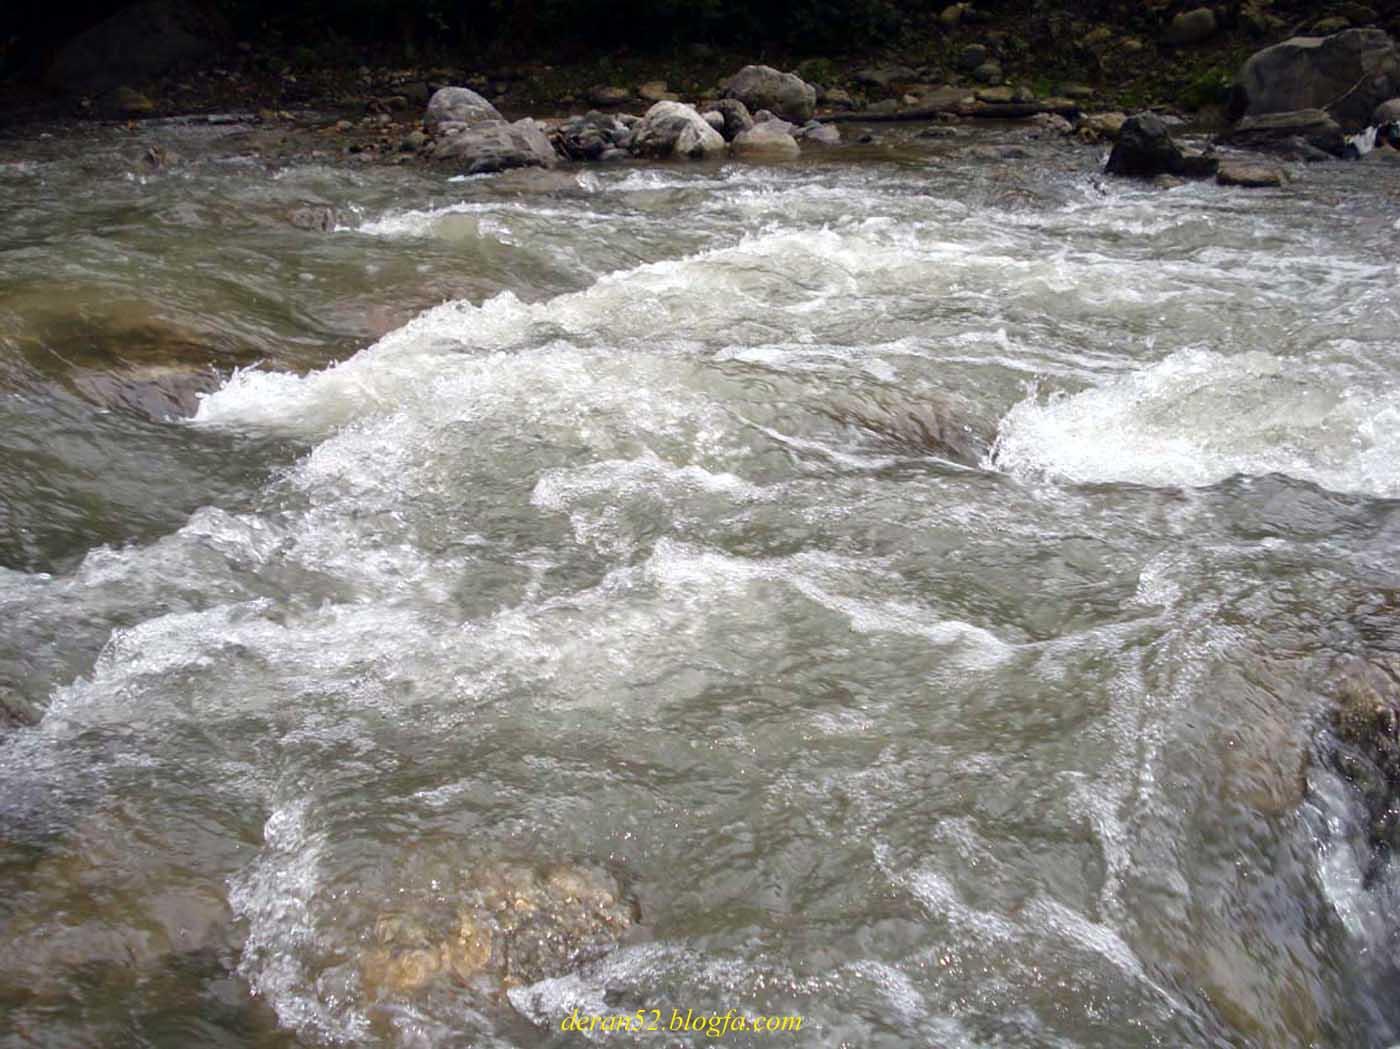 نمونه طرح جابربن حیان نهر یا رود
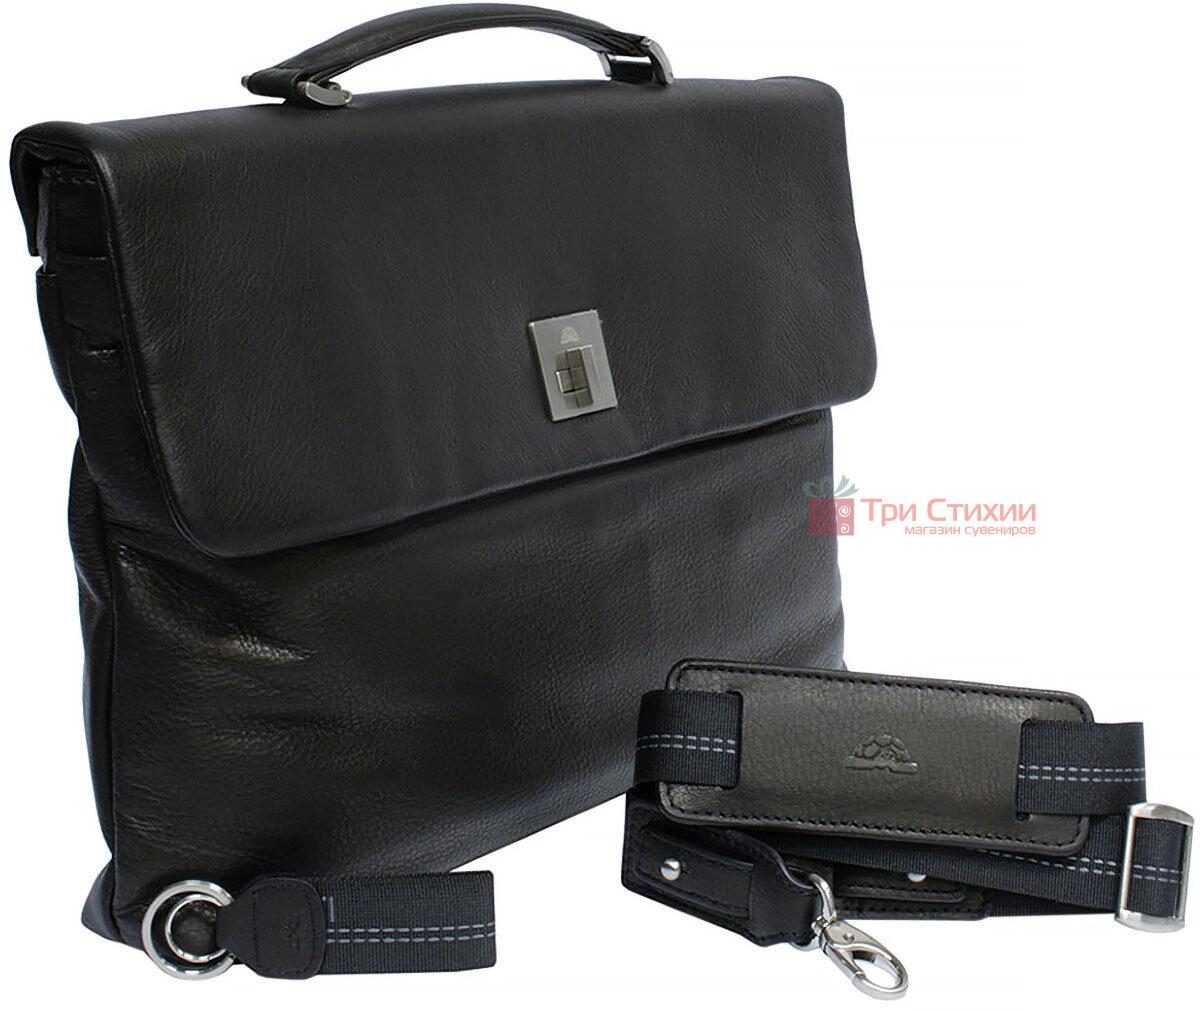 Портфель Tony Perotti Contatto 9160-35-Ct nero Чорний, Колір: Чорний, фото
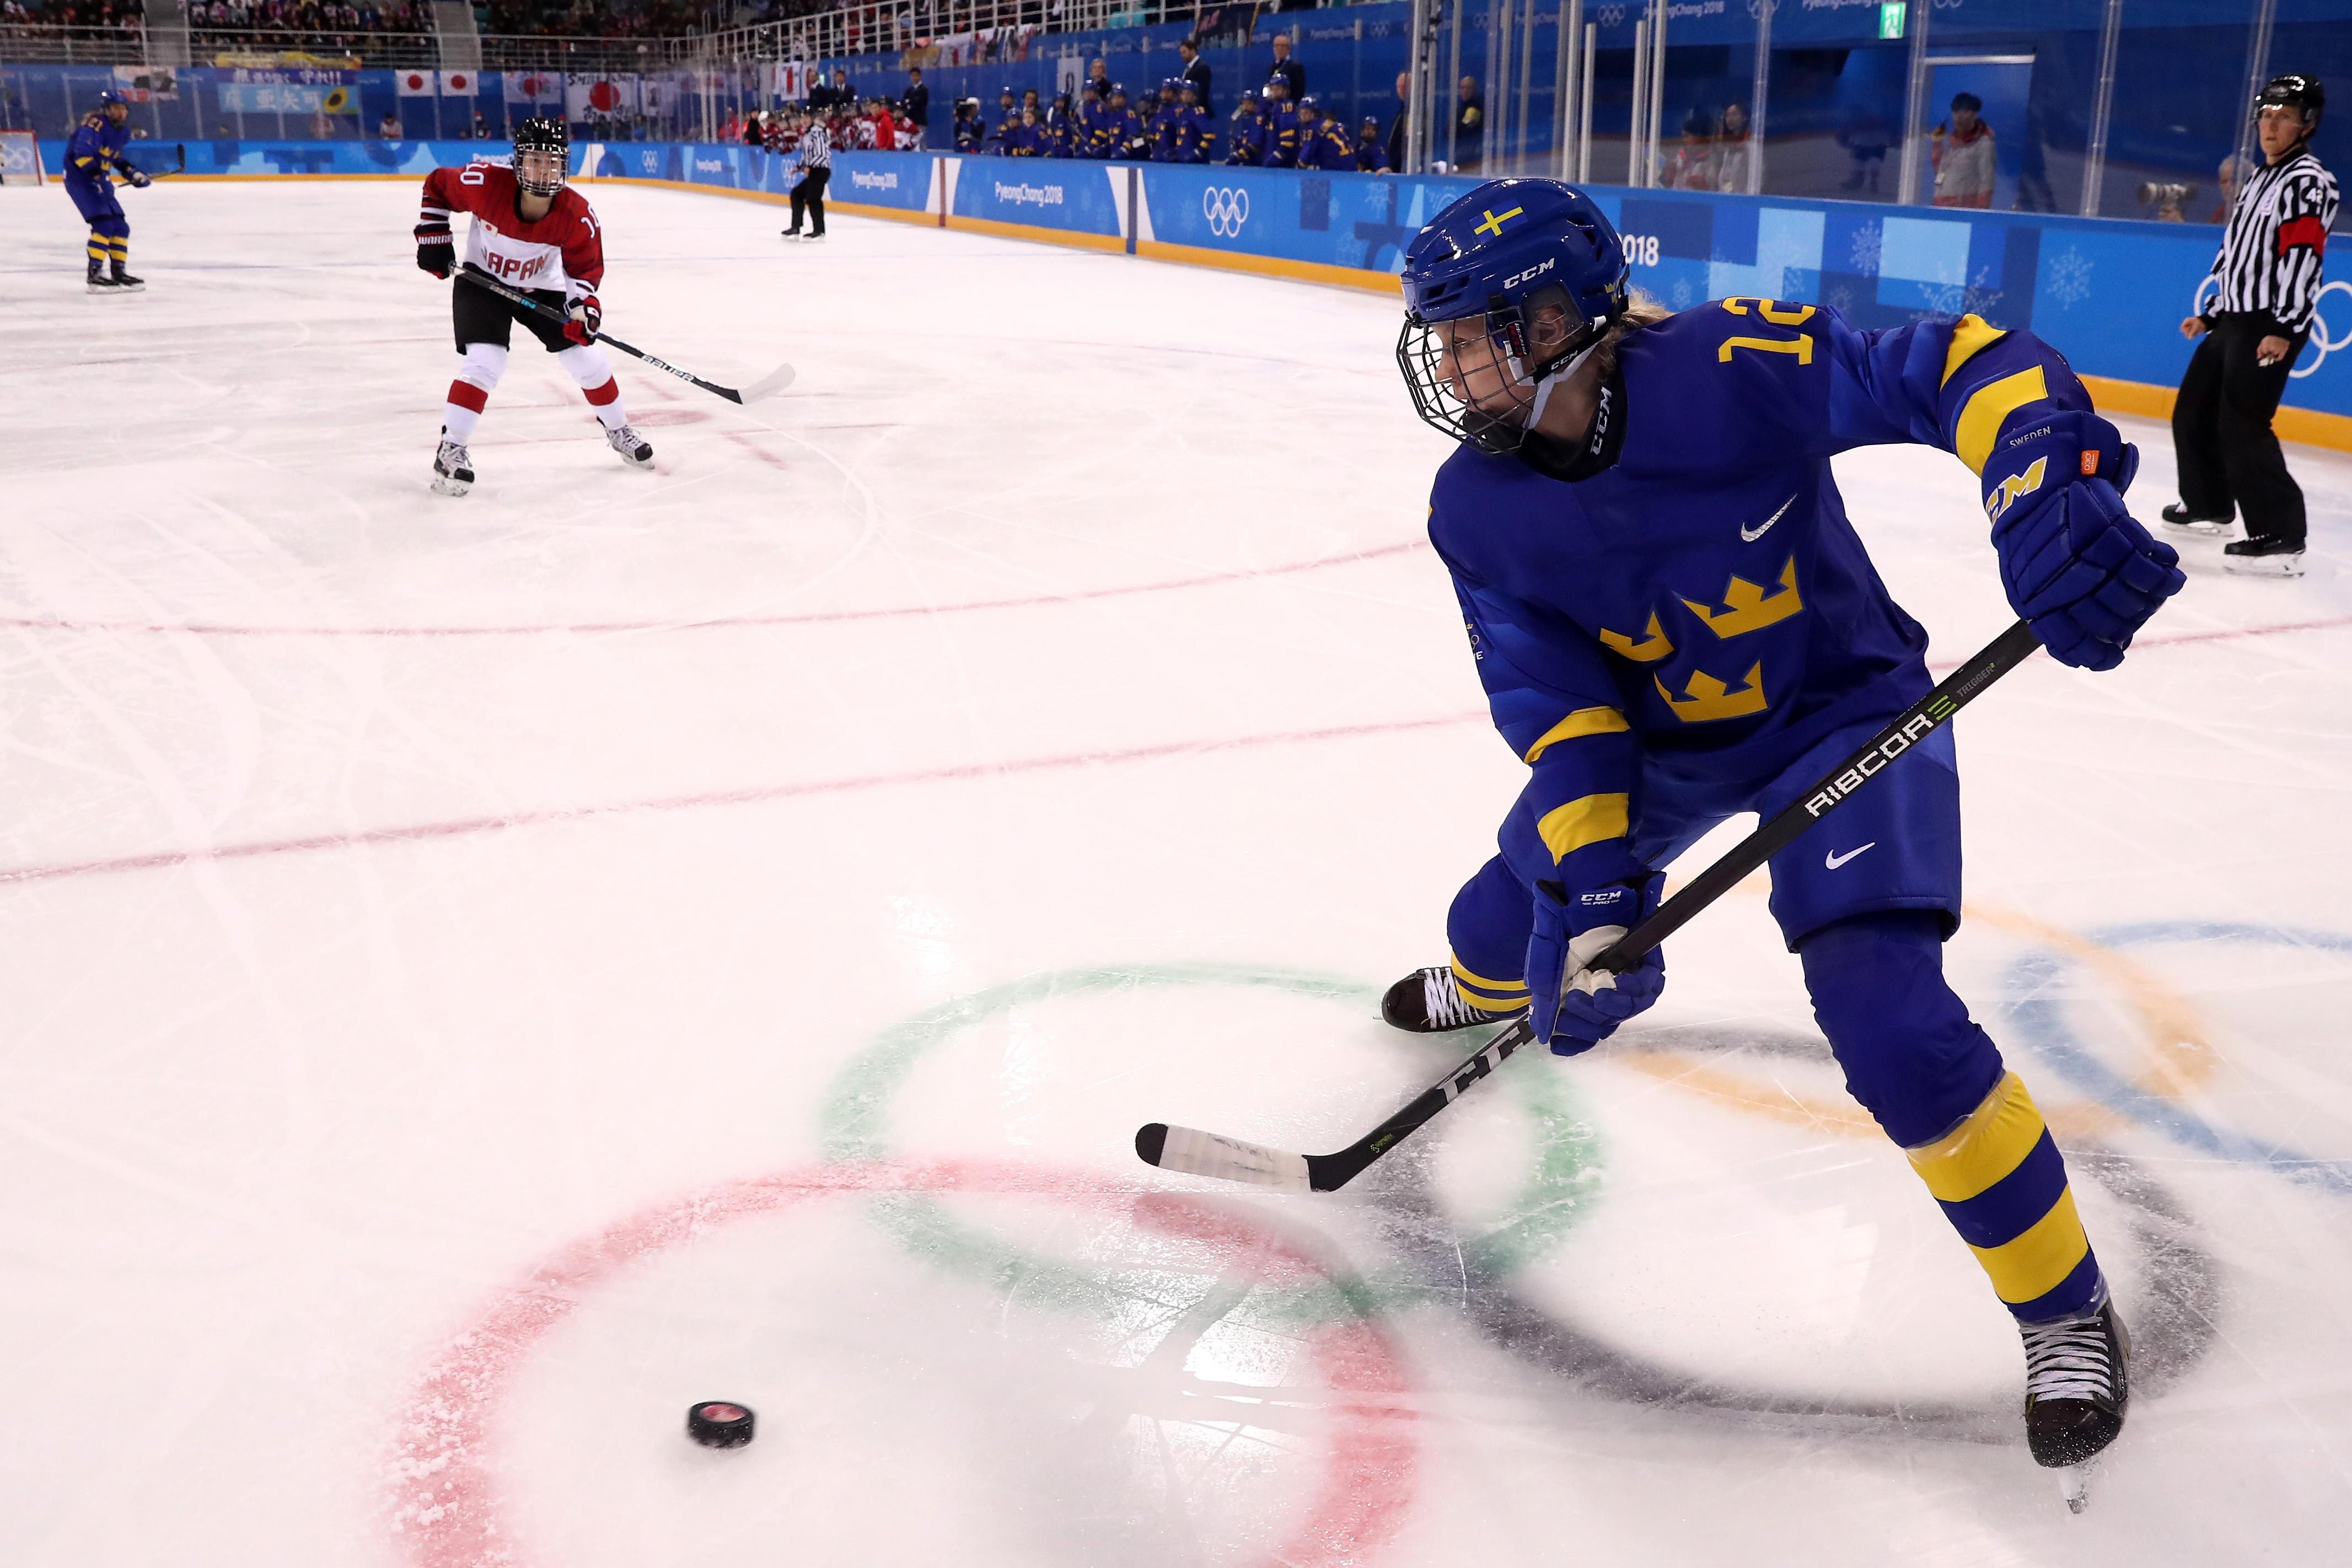 Ice Hockey - Winter Olympics Day 1

------------------------------------------------

Say again, word for word, every line from the one with "Портфель Tony Perotti" through the last line of the data above, minus the pictures.

**EXERCISE RESULT**
 Портфель Tony Perotti Contatto 9160-35-Ct nero Чорний, Колір: Чорний, фото
 Ice Hockey - Winter Olympics Day 1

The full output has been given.